Less common vertigo causes include head or neck injury, brain conditions like stroke or tumor, migraine headaches, as well as some medications that lead to ear damage.
Symptoms of vertigo
Vertigo can be described as one symptom, rather than a condition that exhibits signs and symptoms.
People suffering with vertigo normally feel as they’re spinning, tilting, swaying, pulled to a single direction, and unbalanced.
Vertigo may be accompanied by other symptoms, including vomiting, feeling nauseated, headache, sweating, jerking or abnormal eye movements (nystagmus), hearing loss or tinnitus.
Symptoms can occur and disappear and can last a few hours or even a few minutes.
Treatment options for vertigo
The cause of vertigo is what determines the treatment option. Vertigo often goes away without treatment. So, what may be the reason? This is because your brain has the ability to adapt, partly to inner ear changes at least, using other means to keep balance.
For some people, treatment is required and can include:
This form of physical therapy is meant make your vestibular system stronger. The vestibular system’s function is to transmit signals to your brain about body and head movements in relation to gravity.

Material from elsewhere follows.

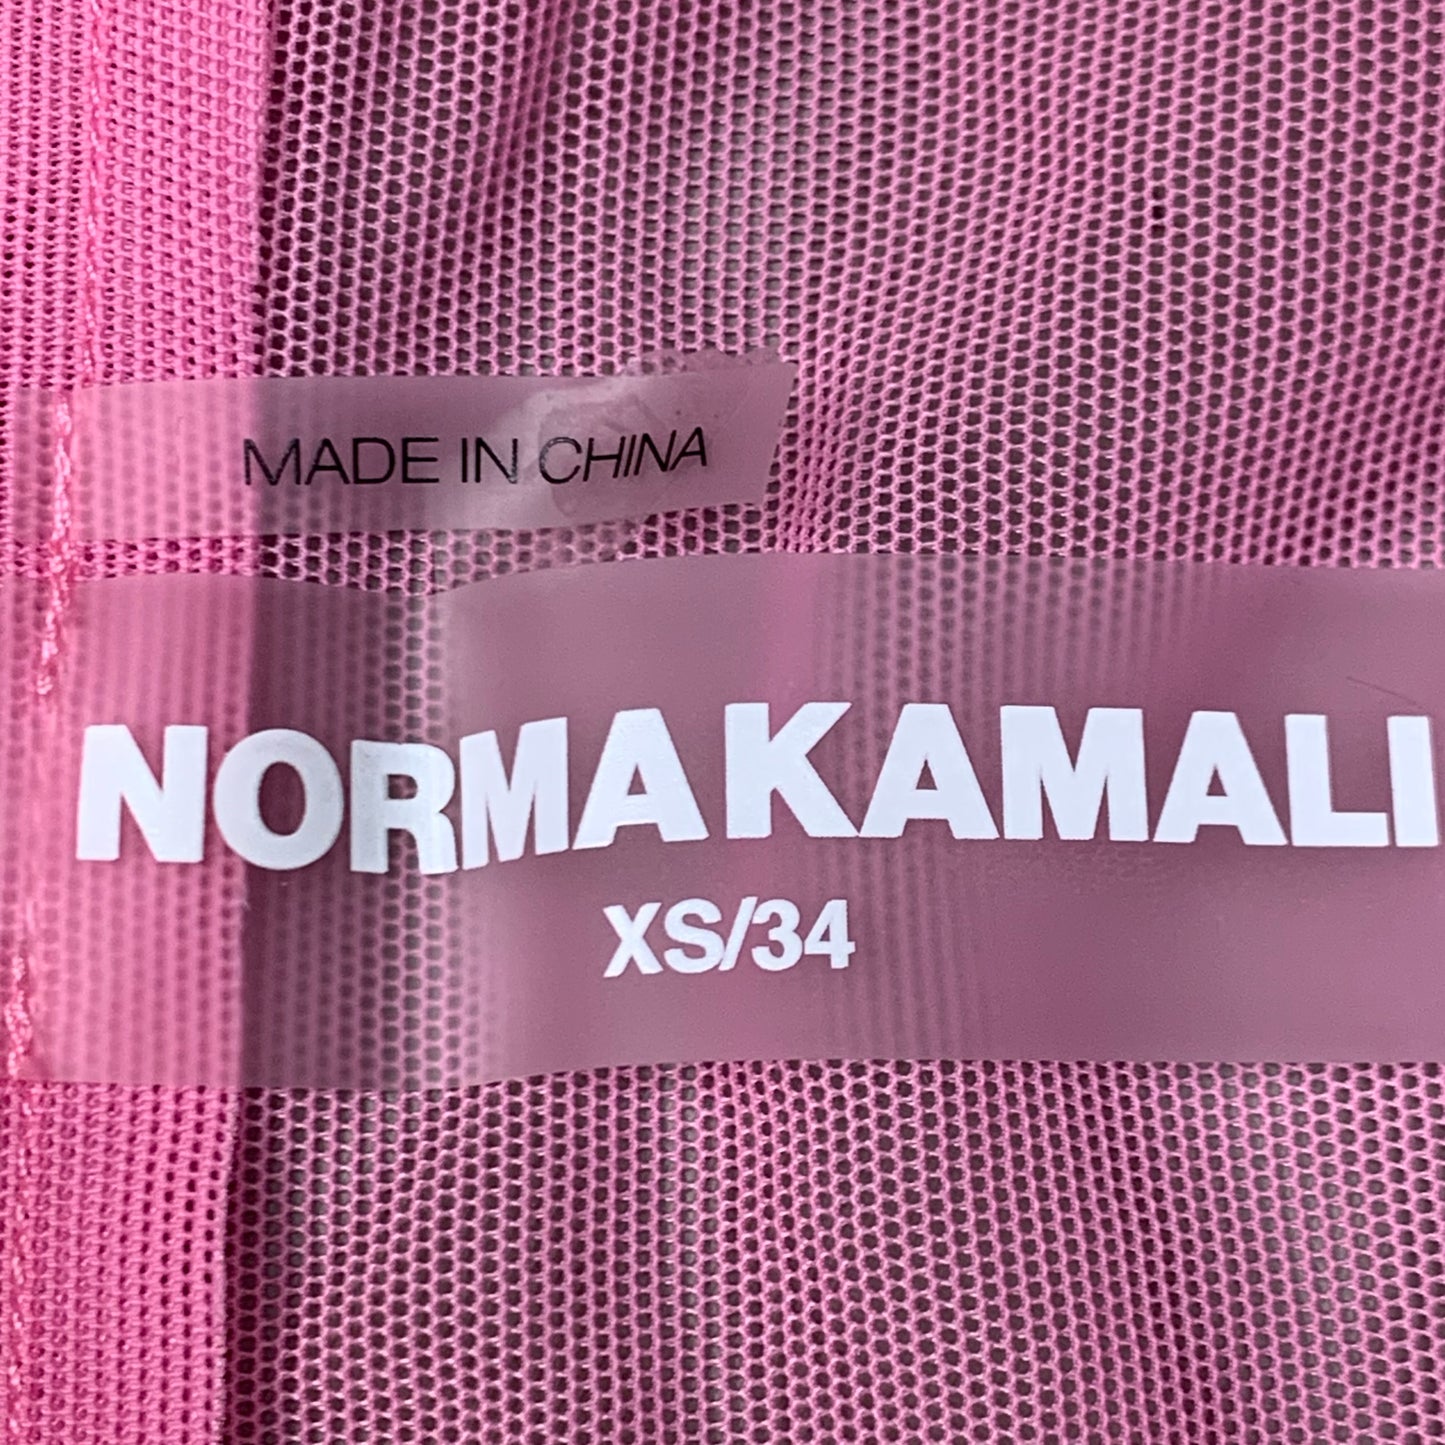 NORMA KAMALI Nk Shirt W/ Faux Pockets SZ XS/34 Candy Pink ST1236MS963966 (New)

Sometimes medication can be given to ease symptoms like motion sickness or nausea related to vertigo. For vertigo that results from infection or inflammation, some antibiotics and steroids can be prescribed to minimize swelling as well as treat infection. For those with Meniere’s disease, they may be prescribed water pills or diuretics to relieve the pressure resulting from fluid buildup.
A few cases of vertigo may require surgery. If the vertigo is due to something serious like neck or brain injury, or tumor, treating those problems can help relieve the vertigo.